Совершенно очевидно, что палач только на мгновение остановился, захваченный врасплох появлением «полоумного» старика, но через несколько минут противно улыбающийся восточный человек — военачальник — уведет его ласково, но решительно, и что казнь будет совершена. Словом, картина написана на тему временной приостановки казни, а не избавления от казни.
Над религией и всякой церковностью Репин довольно недвусмысленно посмеивался, о чем говорят все его письма и чего он не скрывал. Образ в церковь он писал, чтобы отделаться от приставаний, совершенно так же, как писал портреты неинтересных, но очень надоедливых знакомых, которых не хотелось обидеть.

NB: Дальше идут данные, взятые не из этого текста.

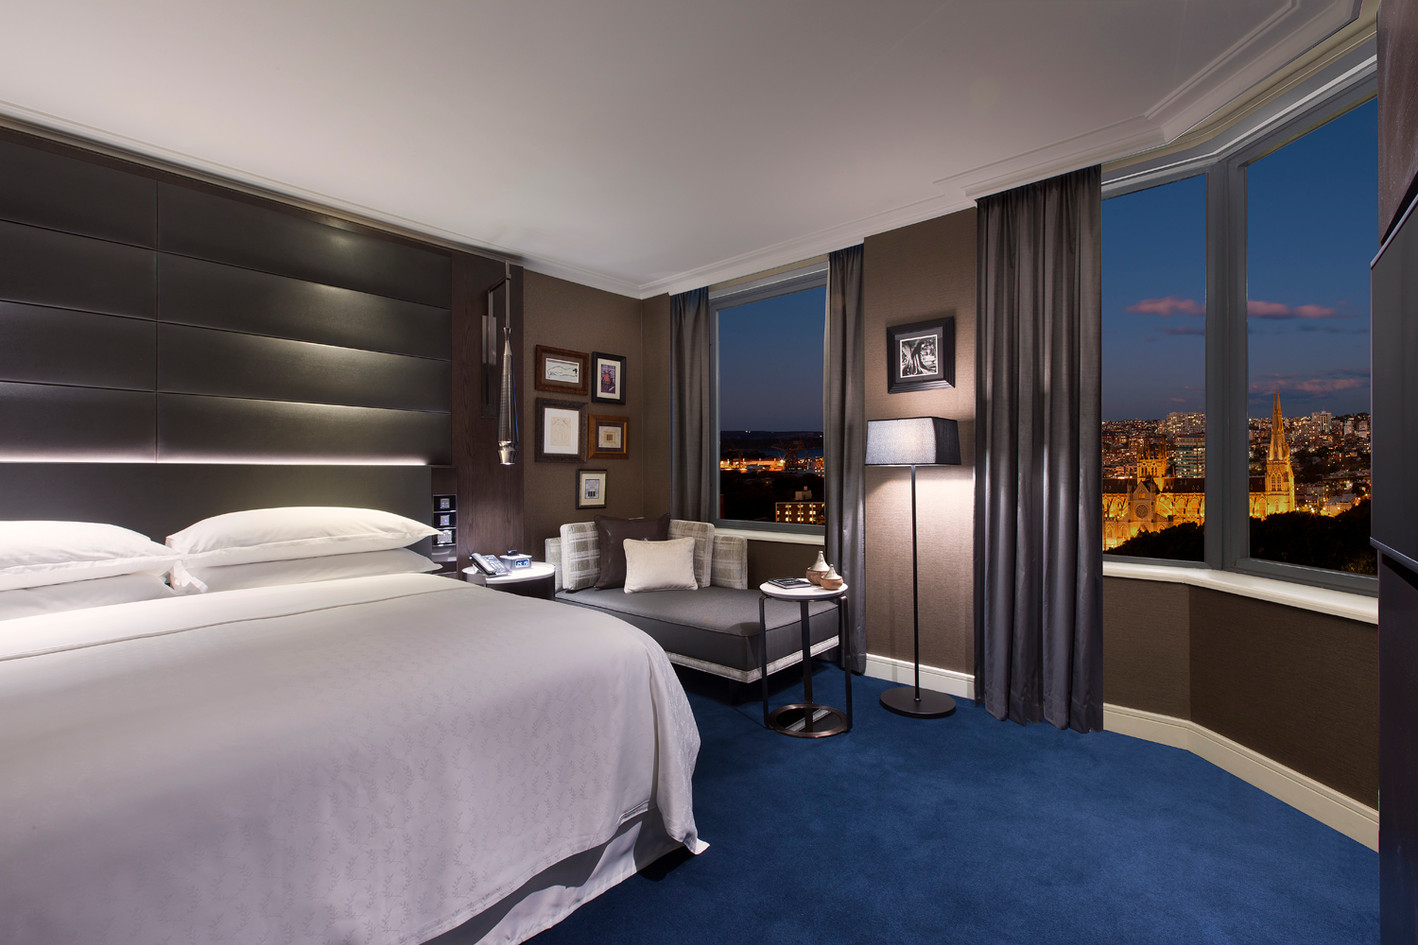 006_Grand Executive Suite_Bedroom.jpg
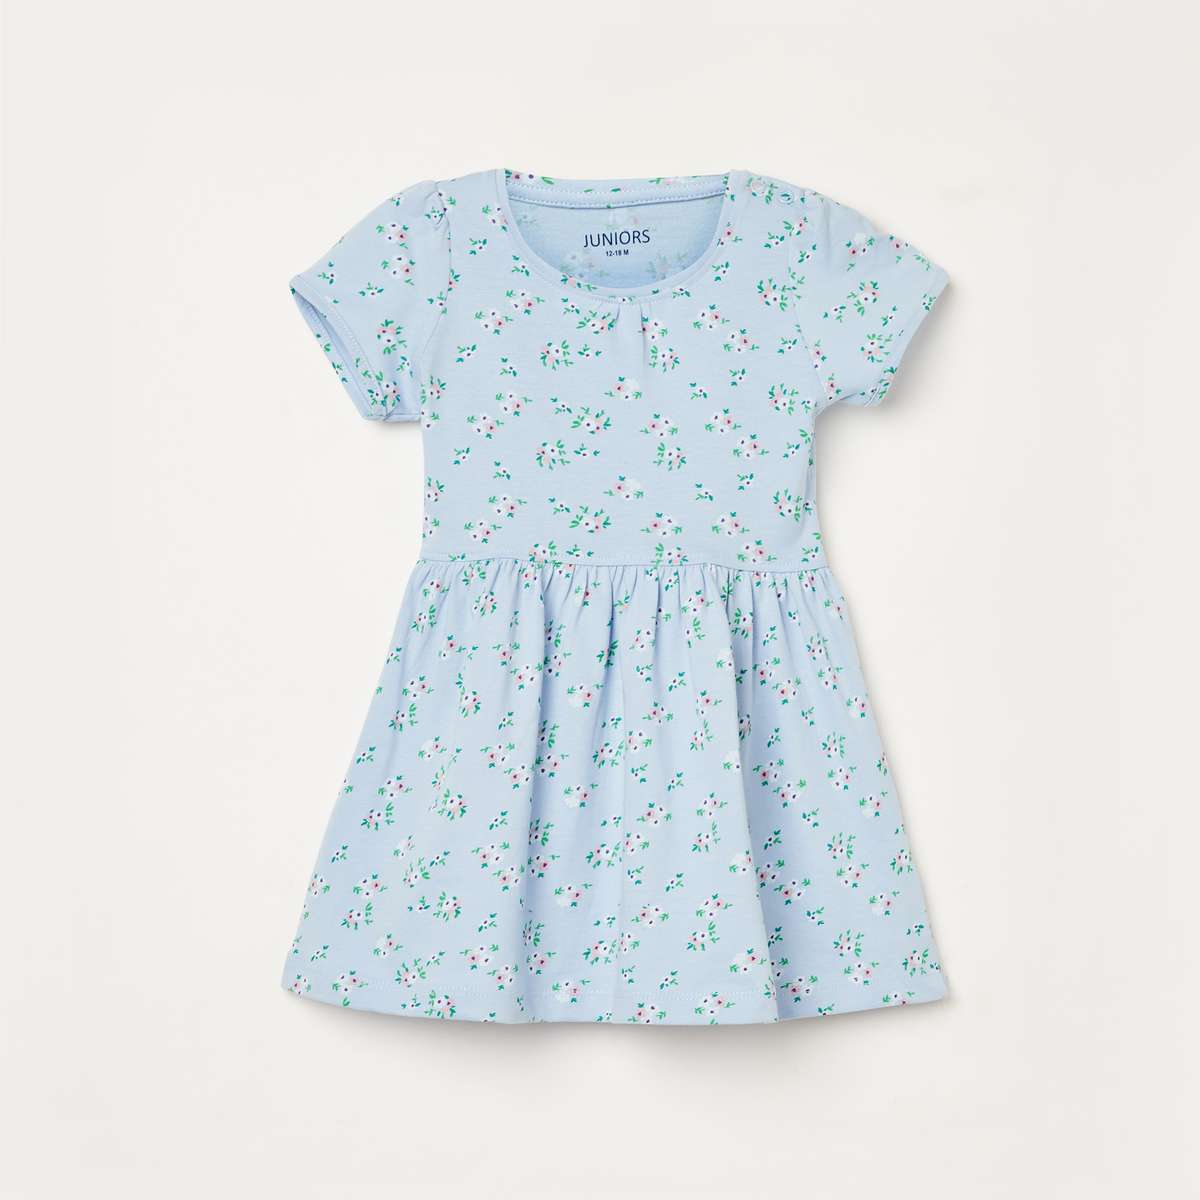 3.JUNIORS Girls Printed A-line Dress

Можно представить себе, что было бы, если бы до этого истинного смысла картины добрался Победоносцев, вероятнее всего ее не видевший, а если видевший, то не уразумевший: ее вне всякого сомнения постигла бы участь «Ивана Грозного», но она была бы изъята из обращения на более продолжительный срок.
До чего художественная критика того времени вообще не разбиралась в вопросах искусства, видно из того, что эту весьма пикантную особенность не сумели вычитать из картины и охранители из «Гражданина» и «Московских ведомостей». Раздавались даже голоса о повороте Репина в сторону религиозного мистицизма.
Поворот в этой картине действительно обозначился, и поворот чрезвычайно решительный и знаменательный, но совсем в иной области, — в самой глубине художественного исповедания Репина, в основной сути его тогдашних живописно-творческих устремлений.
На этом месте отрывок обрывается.